Signed-off-by: Seiji Eicher <seiji@anyscale.com>
2025-12-10 17:15:54 -05:00
parent fcb894222f
commit b9e0951f96
3 changed files with 42 additions and 4 deletions
--- a/docs/serving/data_parallel_deployment.md
+++ b/docs/serving/data_parallel_deployment.md
@@ -24,7 +24,7 @@ There are two distinct modes supported for online deployments - self-contained w

 vLLM supports "self-contained" data parallel deployments that expose a single API endpoint.

-It can be configured by simply including e.g. `--data-parallel-size=4` in the vllm serve command line arguments. This will require 4 GPUs. It can be combined with tensor parallel, for example `--data-parallel-size=4 --tensor-parallel-size=2`, which would require 8 GPUs.
+It can be configured by simply including e.g. `--data-parallel-size=4` in the vllm serve command line arguments. This will require 4 GPUs. It can be combined with tensor parallel, for example `--data-parallel-size=4 --tensor-parallel-size=2`, which would require 8 GPUs. When sizing DP deployments, remember that `--max-num-seqs` applies per DP rank.

 Running a single data parallel deployment across multiple nodes requires a different `vllm serve` to be run on each node, specifying which DP ranks should run on that node. In this case, there will still be a single HTTP entrypoint - the API server(s) will run only on one node, but it doesn't necessarily need to be co-located with the DP ranks.

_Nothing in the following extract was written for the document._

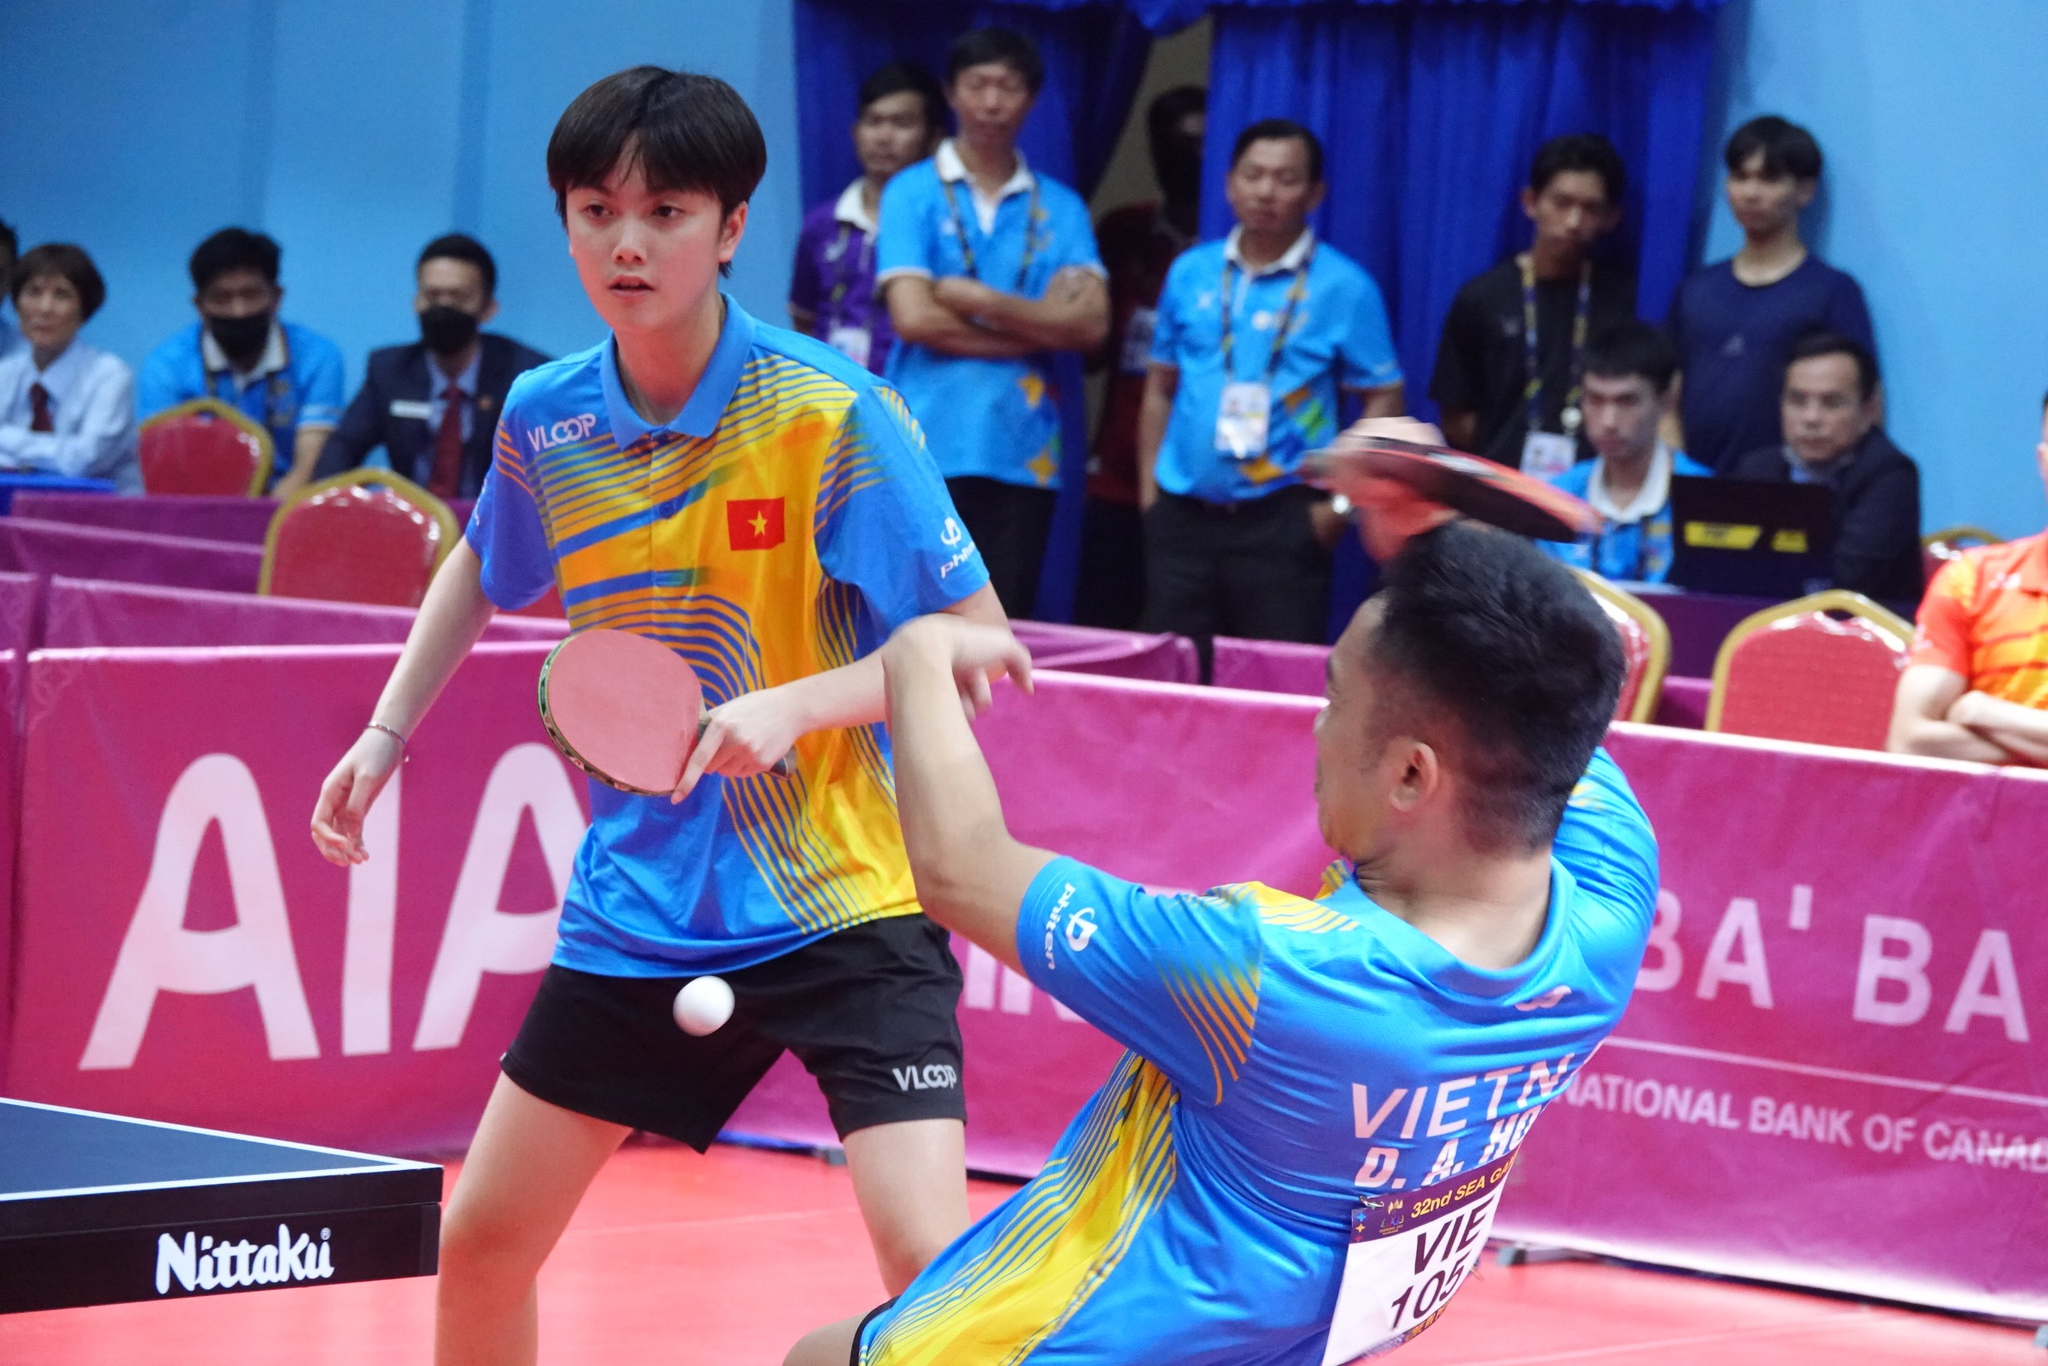 Đôi Đinh Anh Hoàng - Trần Mai Ngọc đang thi đấu với Zhe Yu Chew - Jian Zeng (Singapore) trong trận chung kết đôi nam nữ, bóng bàn. Tỉ số tạm thời là 2-1.
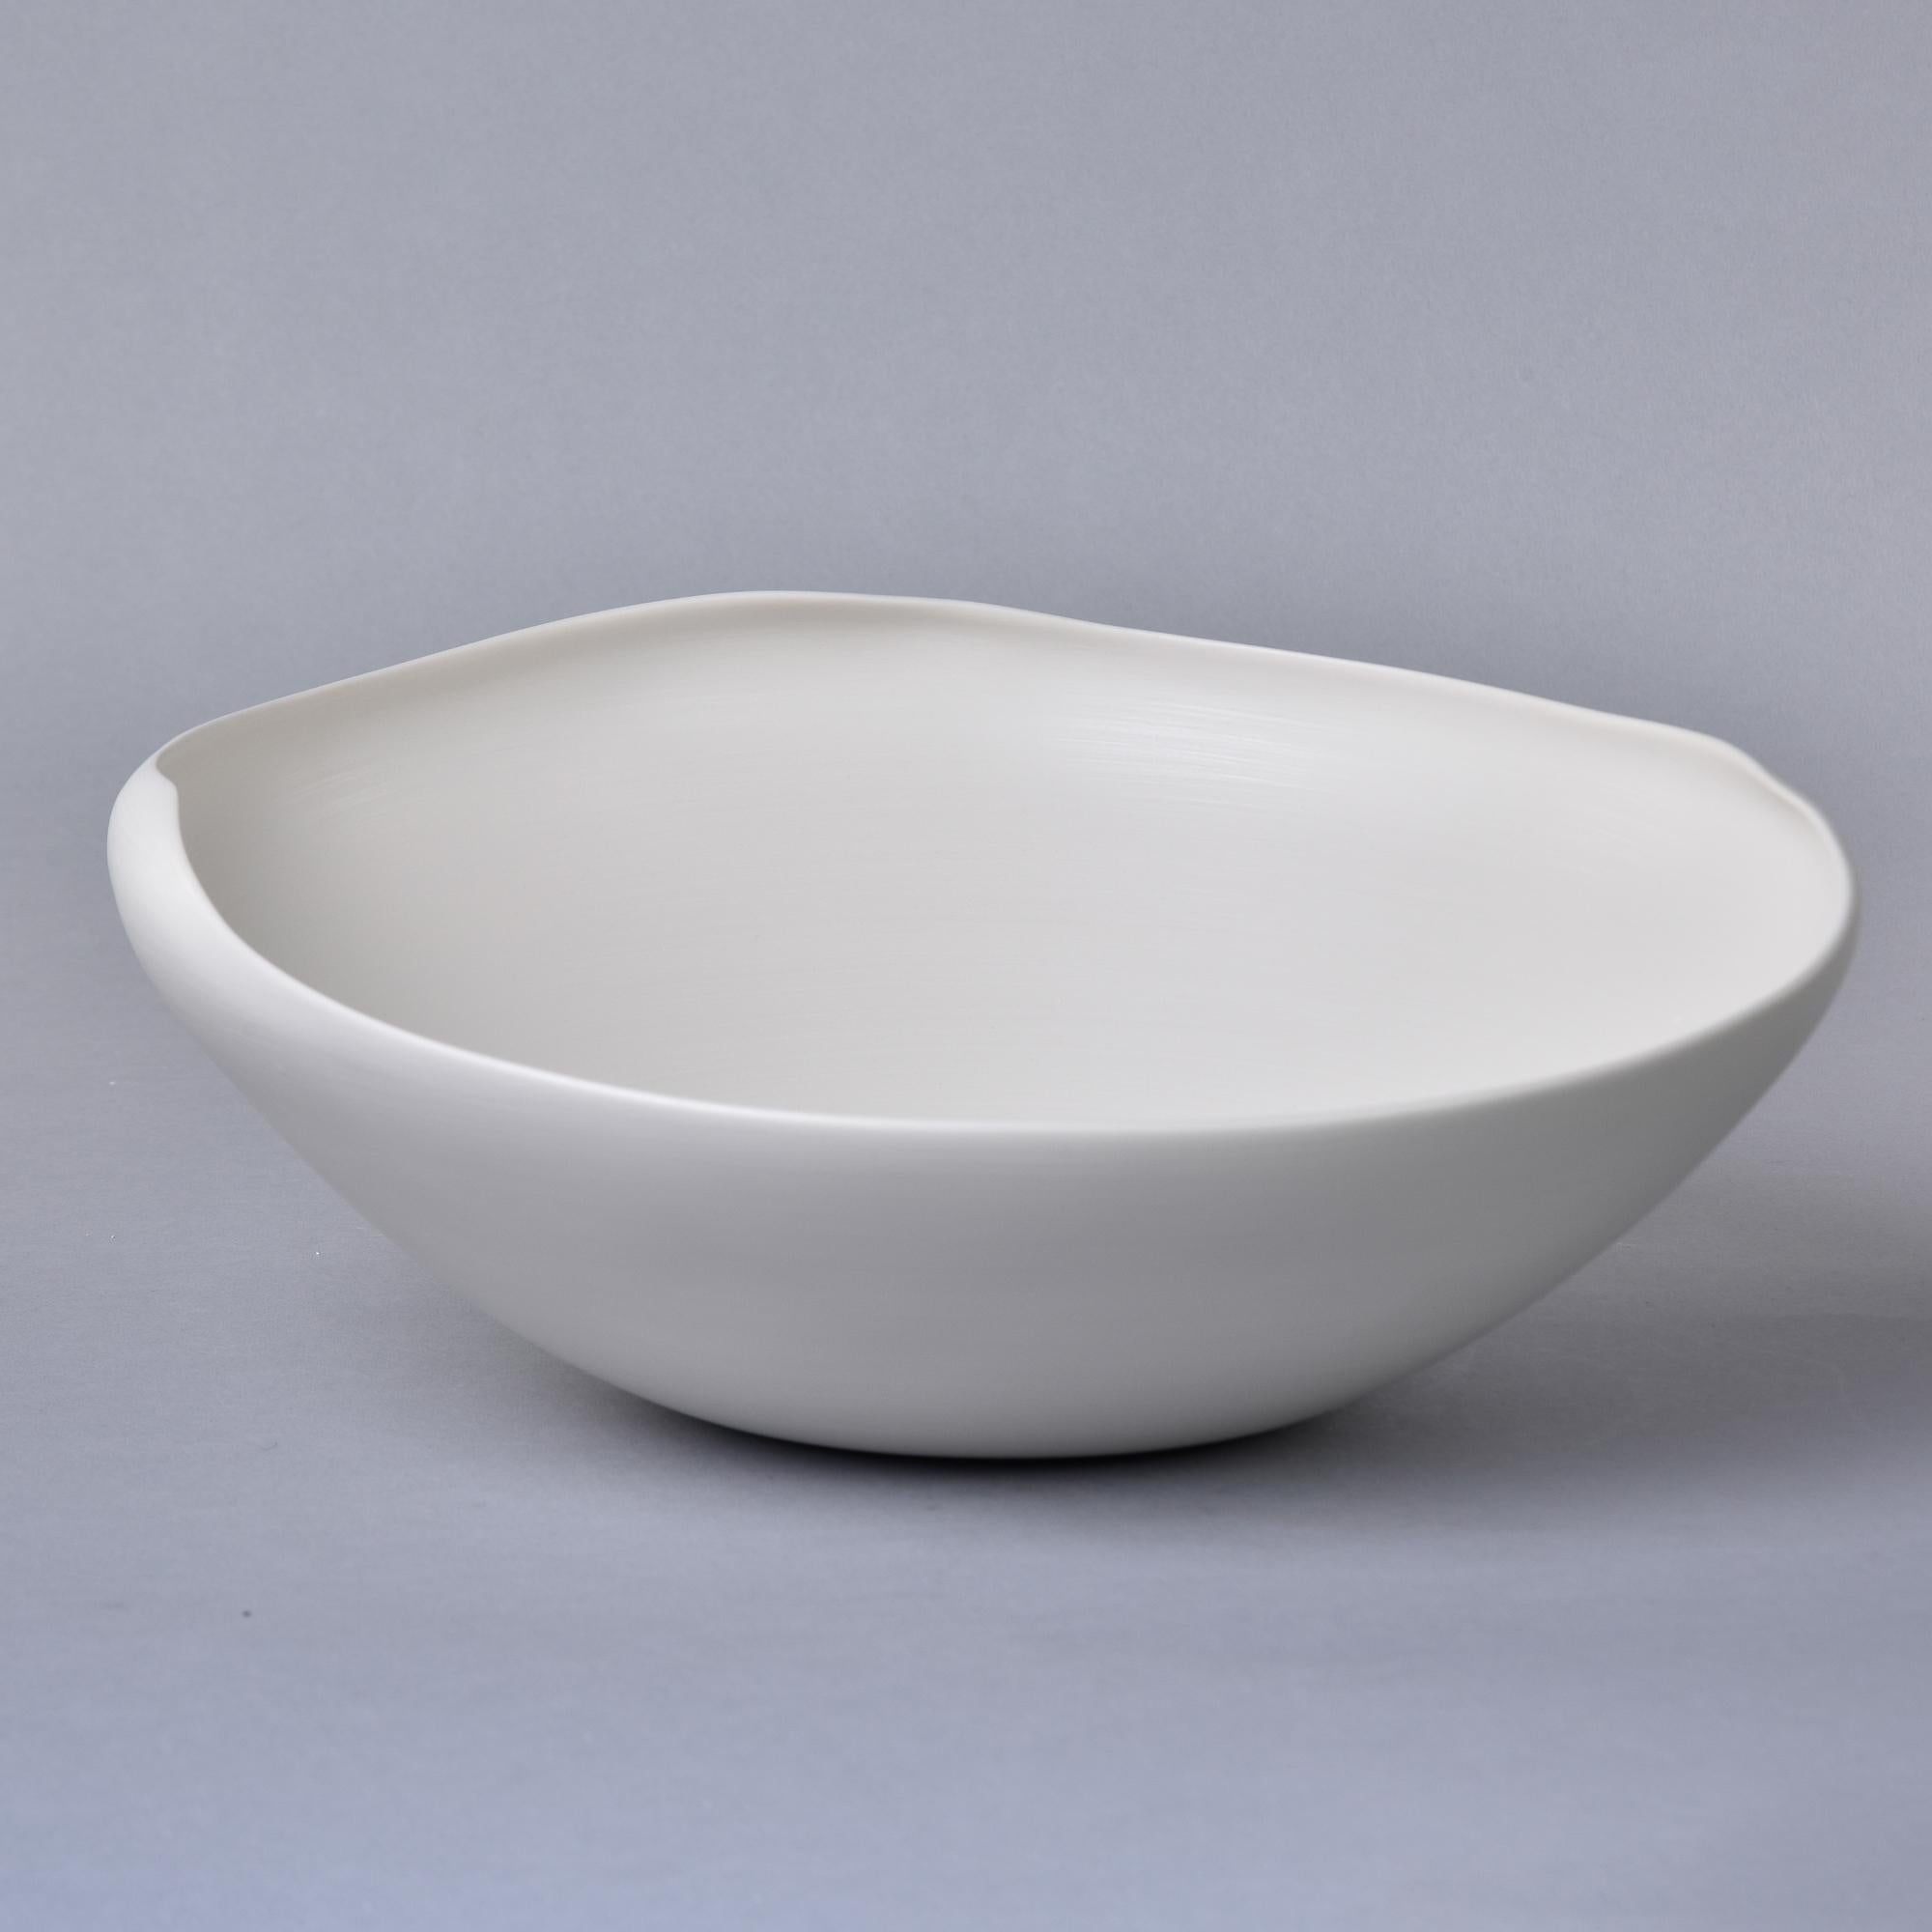 Nouveau et importé d'Italie, ce bol en poterie d'art de Rina Menardi est un bol à paroi mince avec un bord irrégulier et une glaçure blanc os neutre. Le dessous de la base porte la marque du fabricant. Nouveau, sans aucun défaut. D'autres styles,

@@ -80,6 +80,18 @@ When deploying large DP sizes using this method, the API server process can beco
 ![DP Internal LB Diagram](../assets/deployment/dp_internal_lb.png)
 </figure>

+## Hybrid Load Balancing
+
+Hybrid load balancing sits between the internal and external approaches. Each node runs its own API server(s) that only queue requests to the data-parallel engines colocated on that node. An upstream load balancer (for example, an ingress controller or traffic router) spreads user requests across those per-node endpoints.
+
+Enable this mode with `--data-parallel-hybrid-lb` while still launching every node with the global data-parallel size. The key differences from internal load balancing are:
+
+- You must provide `--data-parallel-size-local` and `--data-parallel-start-rank` so each node knows which ranks it owns.
+- Not compatible with `--headless` since every node exposes an API endpoint.
+- Scale `--api-server-count` per node based on the number of local ranks
+
+In this configuration, each node keeps scheduling decisions local, which reduces cross-node traffic and avoids single node bottlenecks at larger DP sizes.
+
 ## External Load Balancing

 For larger scale deployments especially, it can make sense to handle the orchestration and load balancing of data parallel ranks externally.